TRIBUTÁRIO. EXECUÇÃO FISCAL. IPTU. CONTRATO DE PROMESSA DE COMPRA E VENDA DE IMÓVEL. LEGITIMIDADE PASSIVA DO POSSUIDOR (PROMITENTE COMPRADOR) E DO PROPRIETÁRIO (PROMITENTE VENDEDOR). 1. Segundo o art. 34 do CTN, consideram-se contribuintes do IPTU o proprietário do imóvel, o titular do seu domínio útil ou o seu possuidor a qualquer título. 2. A jurisprudência desta Corte Superior é no sentido de que tanto o promitente comprador (possuidor a qualquer título) do imóvel quanto seu proprietário/promitente vendedor (aquele que tem a propriedade registrada no Registro de Imóveis) são contribuintes responsáveis pelo pagamento do IPTU. Precedentes: RESP n.º 979.970/SP, Rel. Min. Luiz Fux, Primeira Turma, DJ de 18.6.2008; AgRg no REsp 1022614 / SP, Rel. Min. Humberto Martins, Segunda Turma, DJ de 17.4.2008; REsp 712.998/RJ, Rel. Min. Herman Benjamin, Segunda Turma, DJ 8.2.2008 ; REsp 759.279/RJ, Rel. Min. João Otávio de Noronha, Segunda Turma, DJ de 11.9.2007; REsp 868.826/RJ, Rel. Min. Castro Meira, Segunda Turma, DJ 1º.8.2007; REsp 793073/RS, Rel. Min. Castro Meira, Segunda Turma, DJ 20.2.2006. 3. "Ao legislador municipal cabe eleger o sujeito passivo do tributo, contemplando qualquer das situações previstas no CTN. Definindo a lei como contribuinte o proprietário, o titular do domínio útil, ou o possuidor a qualquer título, pode a autoridade administrativa optar por um ou por outro visando a facilitar o procedimento de arrecadação" (REsp 475.078/SP, Rel. Min. Teori Albino Zavascki, DJ 27.9.2004). 4. Recurso especial provido. Acórdão sujeito ao regime do art. 543-C do CPC e da Resolução STJ 08/08. (REsp 1110551/SP, Rel. Ministro MAURO CAMPBELL MARQUES, PRIMEIRA SEÇÃO, julgado em 10/06/2009, DJe 18/06/2009).

No âmbito do Município de São Gonçalo do Amarante, definido o sujeito passivo do tributo no art. 25 da Lei Complementar nº 45/2007 (Código Tributário Municipal):

Art. 25. O Imposto Sobre a Propriedade Predial e Territorial Urbana - IPTU tem como fato gerador a propriedade, o domínio útil ou a posse de bem imóvel por natureza ou acessão física, como definido na lei civil, localizado na zona urbana do Município, independente de sua forma, estrutura ou destinação.

Na origem, o município contestou a pretensão autoral sob o argumento de que o registro da usucapião extraordinária decorreu de fraude, eis que tanto a antiga proprietária (T & A Construções Ltda) quanto a empresa usucapiente constituíam grupo econômico representado pelo mesmo sócio; ainda, que a agravante não possui sequer sede ou filial neste Estado, a evidenciar a simulação. Segundo o recorrido, a manobra teria por objetivo frustrar a satisfação de execuções fiscais existentes em desfavor da empresa T & A Construções Ltda.
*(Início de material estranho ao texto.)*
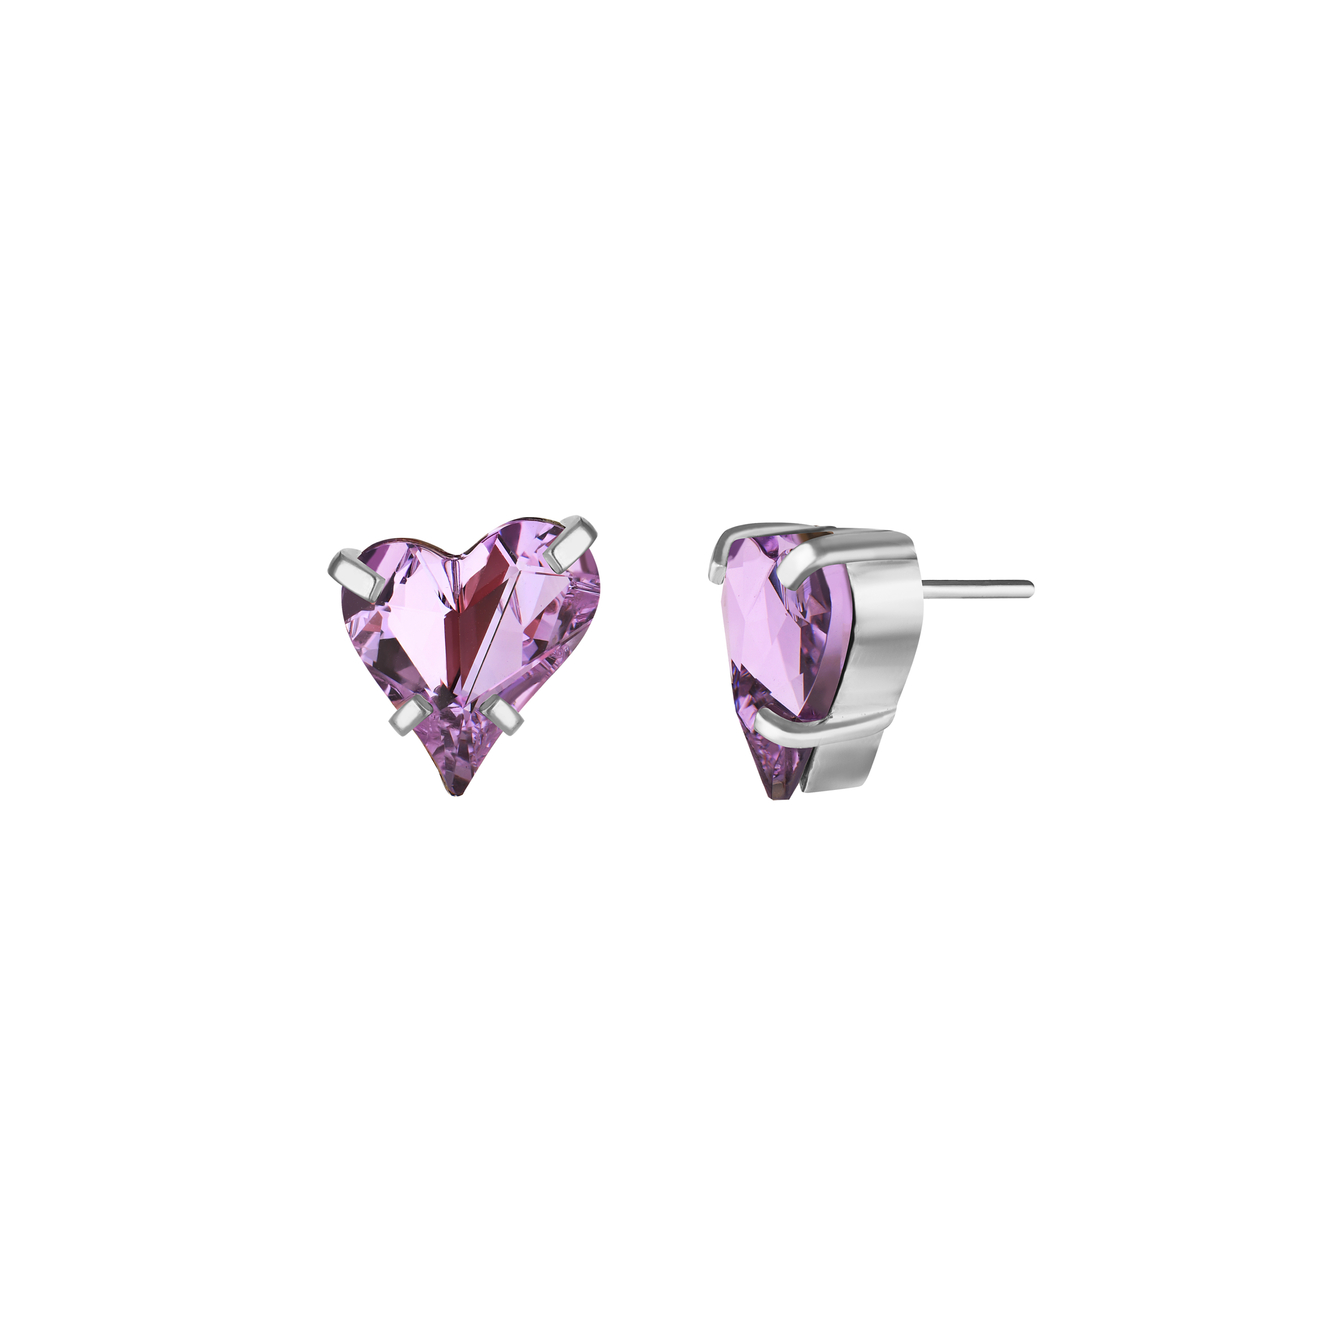 Phenomenal Studio Серьги-сердца Love.Violet Earrings с кристаллами

O registro da aquisição de propriedade por usucapião extrajudicial está consumado na respectiva matrícula, no 1º Ofício de Registro de São Gonçalo do Amarante. Não há qualquer notícia de ação de anulação do registro público em foco, de sorte que permanece hígido e presumidamente válido. Perfectibilizada a transferência da titularidade do bem, não há óbice à alteração do cadastro perante a Secretaria de Tributação do Município, com vistas a retificar o contribuinte do IPTU.

A alteração no sistema da administração municipal não exerce qualquer influência sobre a titularidade do imóvel, eis que possui fins meramente administrativos. Não obsta eventual caracterização de fraude à execução fiscal, se ocorrente, a ser suscitada na via própria. A ação de origem apenas visa a adequar o cadastro administrativo da propriedade já consolidado no cartório imobiliário, sem haver pleito de retroatividade dessa alteração.

A retificação almejada não representa prejuízo ao município, eis que o adquirente também responde pela dívida de IPTU anterior ao registro, especialmente porque a usucapião pressupõe a posse anterior e antiga do bem pelo usucapiente, o que o torna sujeito passivo da obrigação juntamente com o proprietário legal, sendo o próprio imóvel a garantia natural da execução fiscal. Por tais razões, neste momento de cognição sumária vislumbro presente o direito buscado, a autorizar a concessão da tutela provisória requerida em primeiro grau.

Posto isso, voto por prover o agravo de instrumento, confirmar a medida liminar por mim antes deferida e considerar prejudicado o agravo interno.

Consideram-se prequestionados todos os dispositivos apontados pelas partes em suas respectivas razões. Será manifestamente protelatória eventual oposição de embargos de declaração com notória intenção de rediscutir a decisão (art. 1.026, § 2° do CPC).

Data de registro do sistema.

Des. Ibanez Monteiro

Relator

Natal/RN, 20 de Março de 2023.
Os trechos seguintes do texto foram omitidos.